Hadoop Streaming

Hadoop Streaming

Welcome to this comprehensive, student-friendly guide on Hadoop Streaming! 🎉 If you’re new to Hadoop or just looking to understand how to process large datasets using simple scripts, you’re in the right place. Don’t worry if this seems complex at first; we’ll break it down step by step. By the end of this tutorial, you’ll be able to run your own Hadoop Streaming jobs with confidence!

What You’ll Learn 📚

  • Introduction to Hadoop Streaming
  • Core concepts and terminology
  • Simple and progressively complex examples
  • Common questions and answers
  • Troubleshooting common issues

Introduction to Hadoop Streaming

Hadoop Streaming is a utility that allows you to create and run MapReduce jobs with any executable or script as the mapper and/or the reducer.

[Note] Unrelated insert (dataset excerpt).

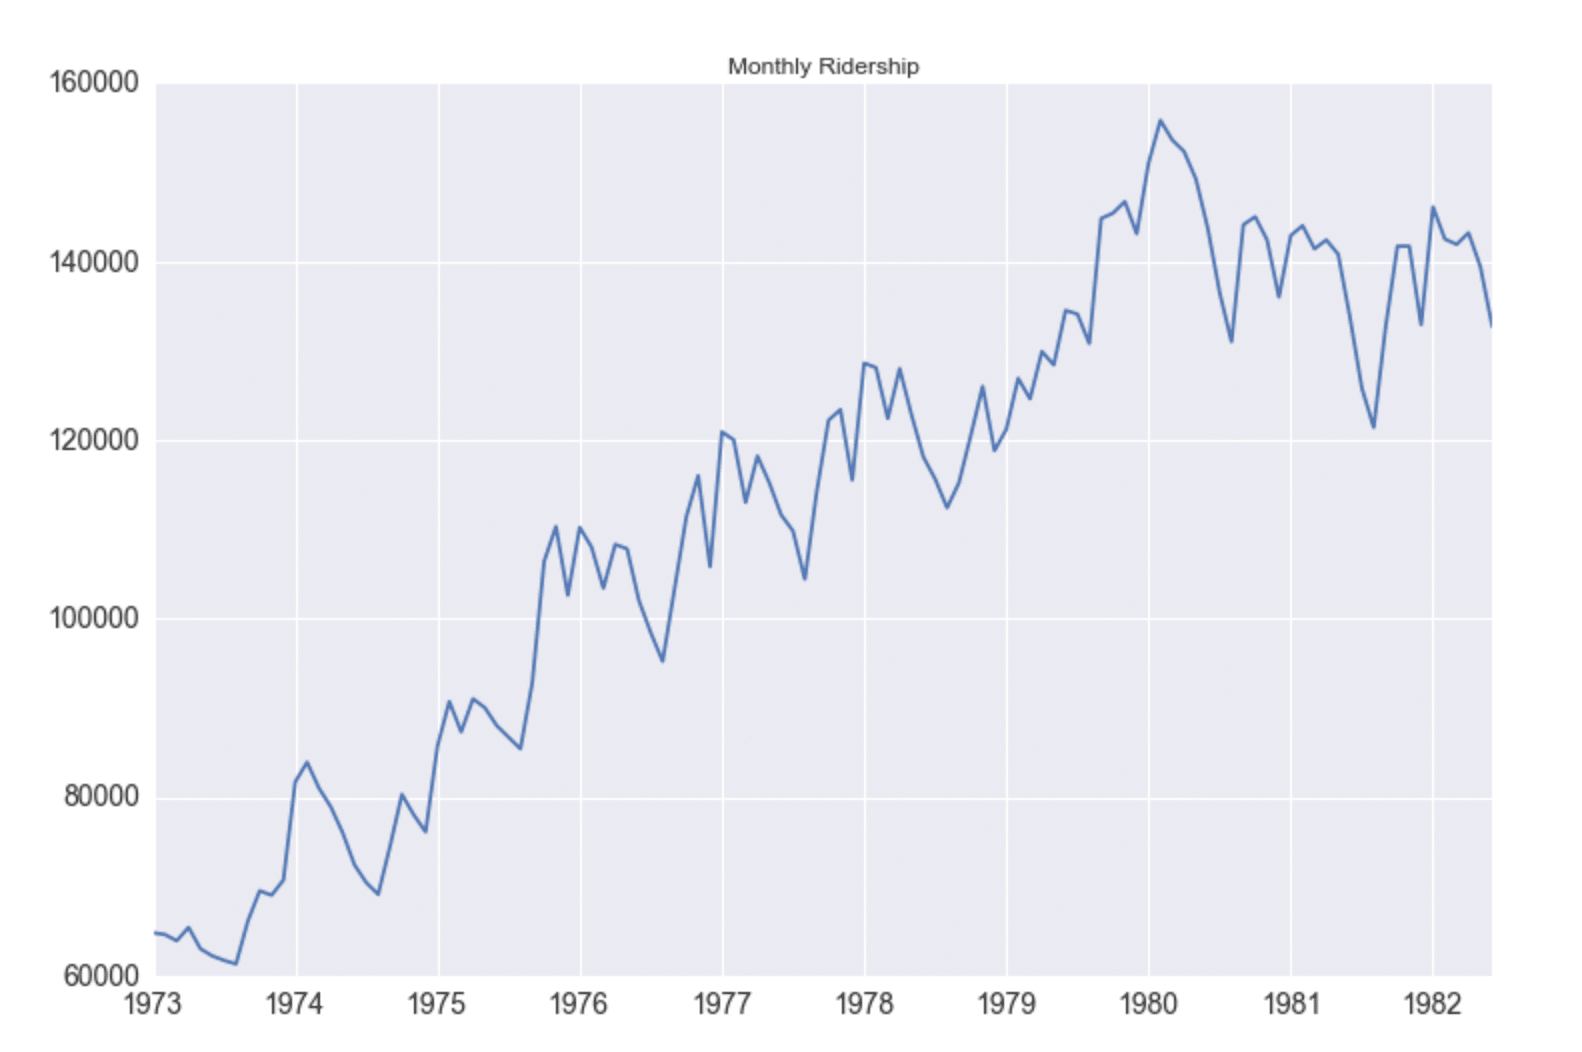 Monthly Ridership vs. Year. Source: Seasonal ARIMA with Python

This means you can use languages like Python, Perl, or even bash scripts to process your data. It’s a flexible way to harness the power of Hadoop without needing to write Java code.

Key Terminology

  • Mapper: A function that processes input data and emits key-value pairs.
  • Reducer: A function that processes key-value pairs emitted by the mapper and produces the final output.
  • HDFS: Hadoop Distributed File System, where data is stored in a distributed manner.

Getting Started with a Simple Example 🚀

Example 1: Word Count with Python

Let’s start with the classic word count example. We’ll use Python scripts for the mapper and reducer.

Setup Instructions

  1. Ensure Hadoop is installed and running on your system.
  2. Prepare a text file in HDFS. For example, upload a file named input.txt containing some text.
hadoop fs -put input.txt /user/hadoop/input

Mapper Script (mapper.py)

#!/usr/bin/env python3
import sys

# Input comes from standard input (stdin)
for line in sys.stdin:
    # Remove leading and trailing whitespace
    line = line.strip()
    # Split the line into words
    words = line.split()
    # Increase counters
    for word in words:
        # Write the results to standard output (stdout)
        print(f'{word}\t1')

Reducer Script (reducer.py)

#!/usr/bin/env python3
import sys

current_word = None
current_count = 0
word = None

# Input comes from standard input
for line in sys.stdin:
    # Remove leading and trailing whitespace
    line = line.strip()
    # Parse the input we got from mapper.py
    word, count = line.split('\t', 1)
    # Convert count (currently a string) to int
    try:
        count = int(count)
    except ValueError:
        # Count was not a number, so silently ignore/discard this line
        continue
    # This IF-switch only works because Hadoop sorts map output
    # by key (here: word) before it is passed to the reducer
    if current_word == word:
        current_count += count
    else:
        if current_word:
            # Write result to standard output
            print(f'{current_word}\t{current_count}')
        current_count = count
        current_word = word
# Do not forget to output the last word if needed!
if current_word == word:
    print(f'{current_word}\t{current_count}')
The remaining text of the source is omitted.